Wenn ich die ersten beide oberen weglasse, dann kommt ein XML - Verarbeitungsfehler...
Was mache ich falsch?


----------



## Antoras (2. Jul 2010)

Der servlet-class-Tag war ein Beispiel. Da musst du natürlich den Namen + Package-Pfad deines Servlets eintragen.


----------



## internet (16. Jul 2010)

wie sieht das Servlet aus?
Ist das ein JAVA Code?!


----------



## internet (26. Jul 2010)

kann mir niemand weiterhelfen?


----------



## maki (26. Jul 2010)

internet hat gesagt.:


> kann mir niemand weiterhelfen?


Nein, so nicht.

Du musst dich schon in die Grundlagen einarbeiten und spezifische Fragen stellen.
Servlets sind absolute Grundlagen, die musst du kennen wenn du Java WebApps schreiben willst.


----------



## internet (26. Jul 2010)

naja ich brauch doch NICHT zwingend eine EIGENE Servlet - Klasse...
Habe sowas noch nicht gemacht - und das ist nicht die erste WebApp, die ich schreibe


----------



## Semerzo (28. Jul 2010)

Wenn Du mehr Macht über deine URLs haben möchtest, schau doch mal bei PrettyFaces rein.

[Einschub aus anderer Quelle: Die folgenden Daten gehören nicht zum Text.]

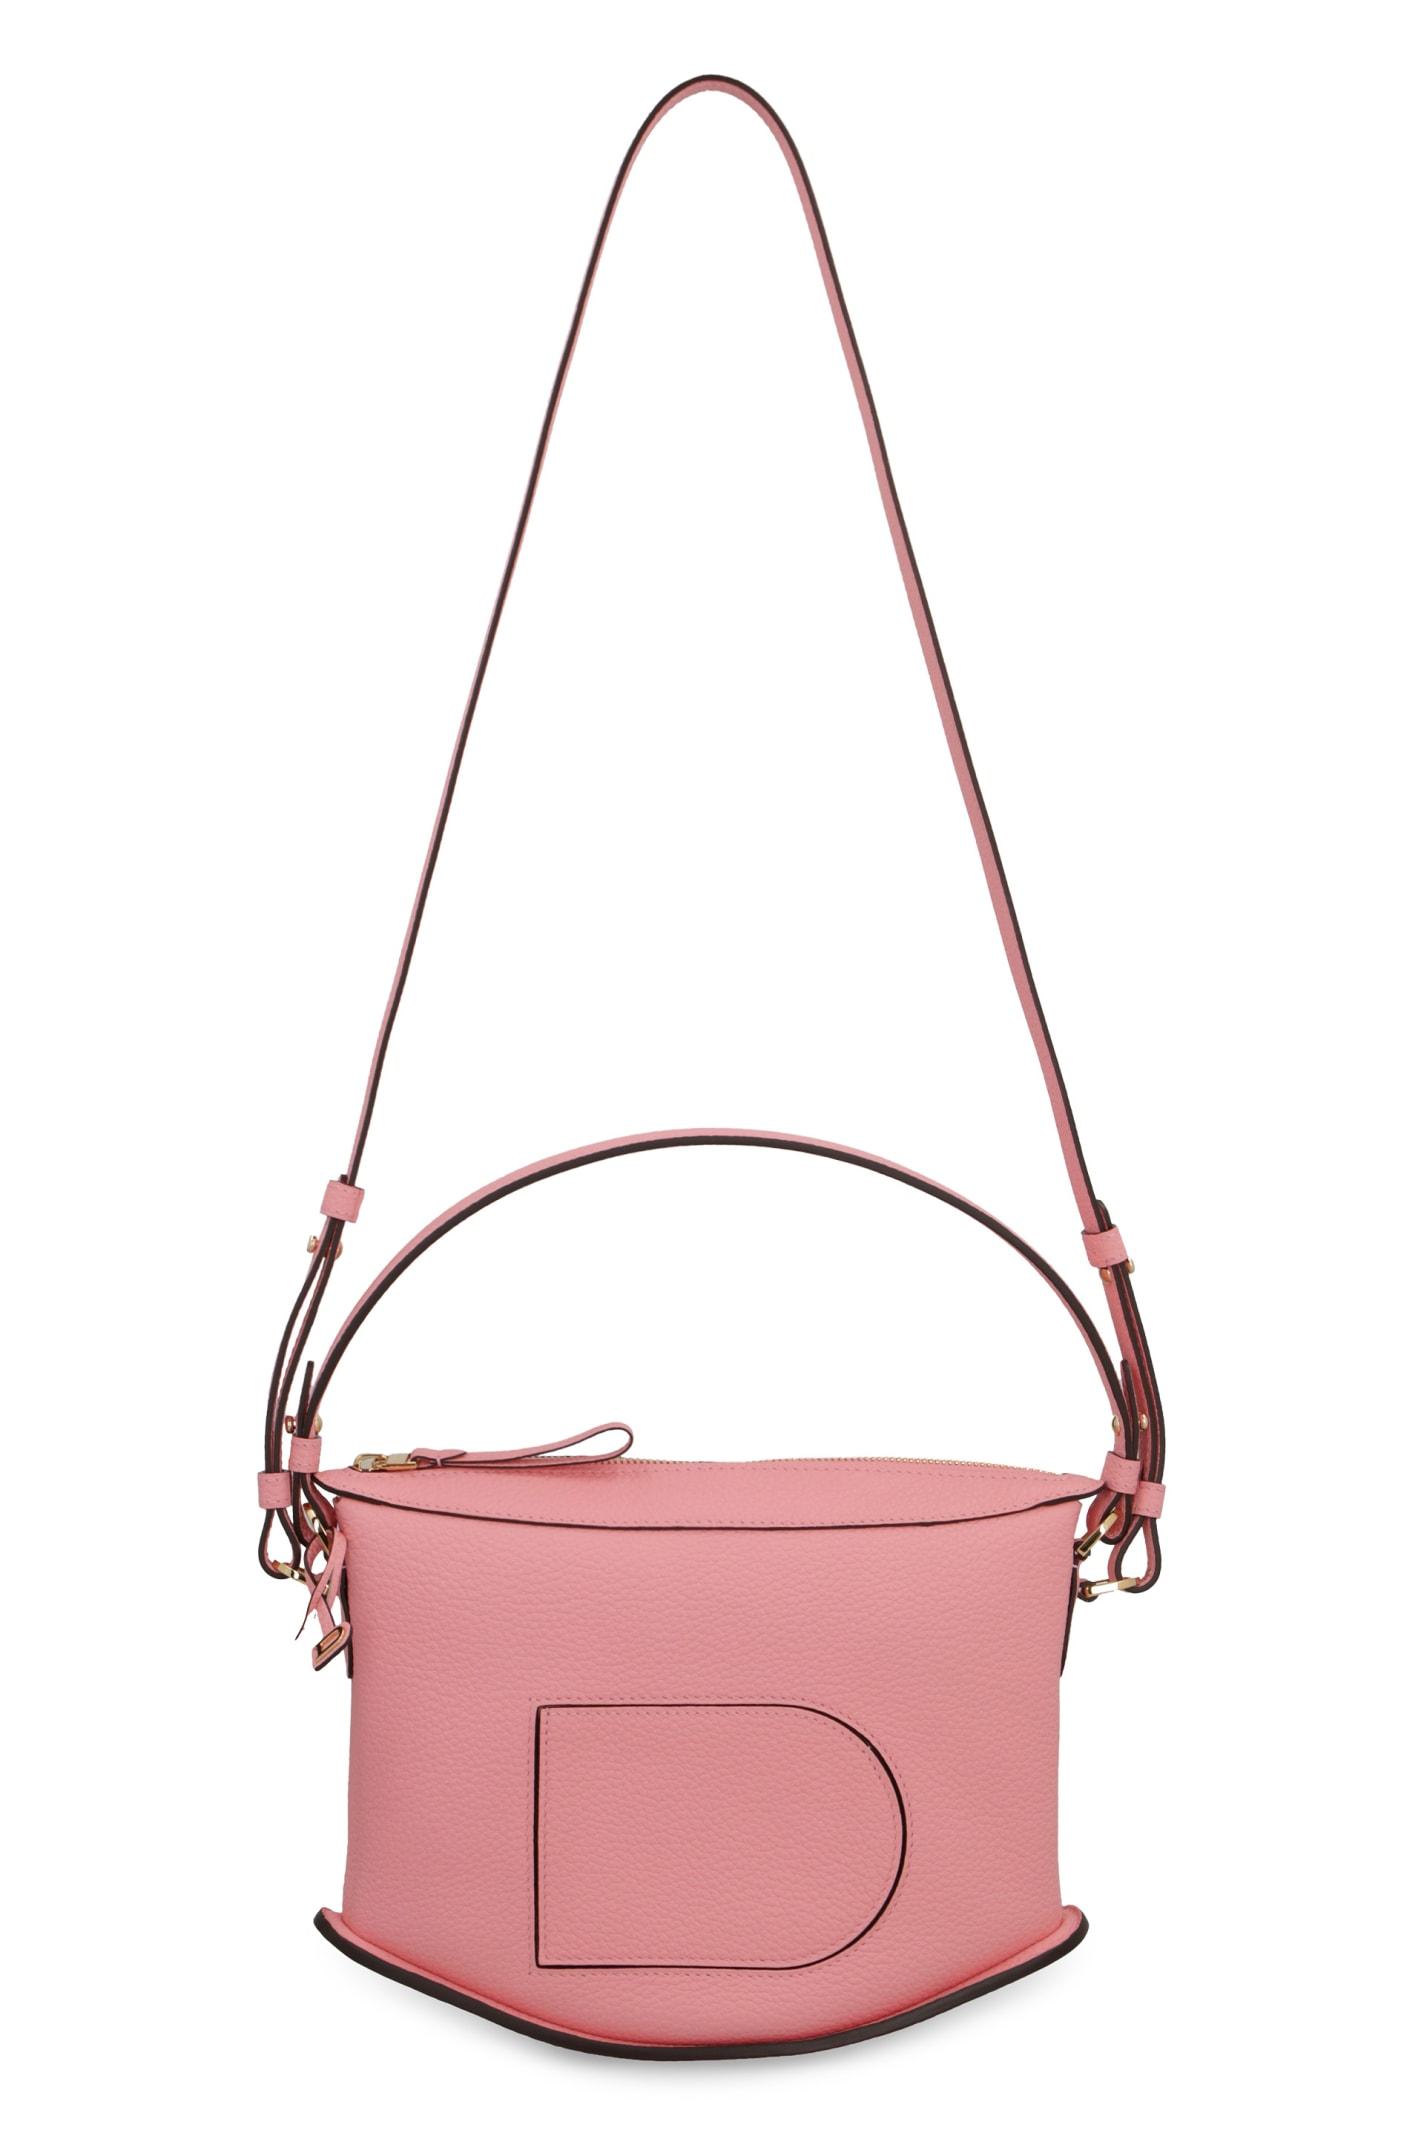 Delvaux Pin Swing Leather Handbag in Pink

Das kann unter anderem das was Du willst, aber noch einiges mehr und dürfte auch mit Einarbeitung verbunden sein.

In den Zeilen 7 und 11 siehst Du, wie eine technische URL auf das gemappt wird, was der Anwender sehen soll.

[XML]<pretty-config
	xmlns="http://ocpsoft.com/prettyfaces-xsd"
	xmlns:xsi="http://www.w3.org/2001/XMLSchema-instance"
	xsi:schemaLocation="http://ocpsoft.com/prettyfaces-xsd 
	http://ocpsoft.com/xml/ns/prettyfaces/pretty-1.0.xsd">
	<url-mapping id="login">
		<pattern> /login </pattern>
		<view-id> /legacy/user/login.jsp </view-id> <!-- Non JSF View Id -->
	</url-mapping>
	<url-mapping id="register">
		<pattern> /register </pattern>
		<view-id>/faces/user/register.jsf</view-id> <!-- JSF View Id -->
	</url-mapping>
</pretty-config>[/XML]


----------



## internet (28. Jul 2010)

Vielen Dank,
aber muss ich dann JEDE Seite in der web.xml Seite einzeln dafür angeben?


----------



## ARadauer (28. Jul 2010)

Ich denke nicht, dass er ein Servlete schreiben will. Ich glaube er will einfache mod_rewrite machen.. konfiguriert man am apache
URL Rewriting Guide - Apache HTTP Server ...


----------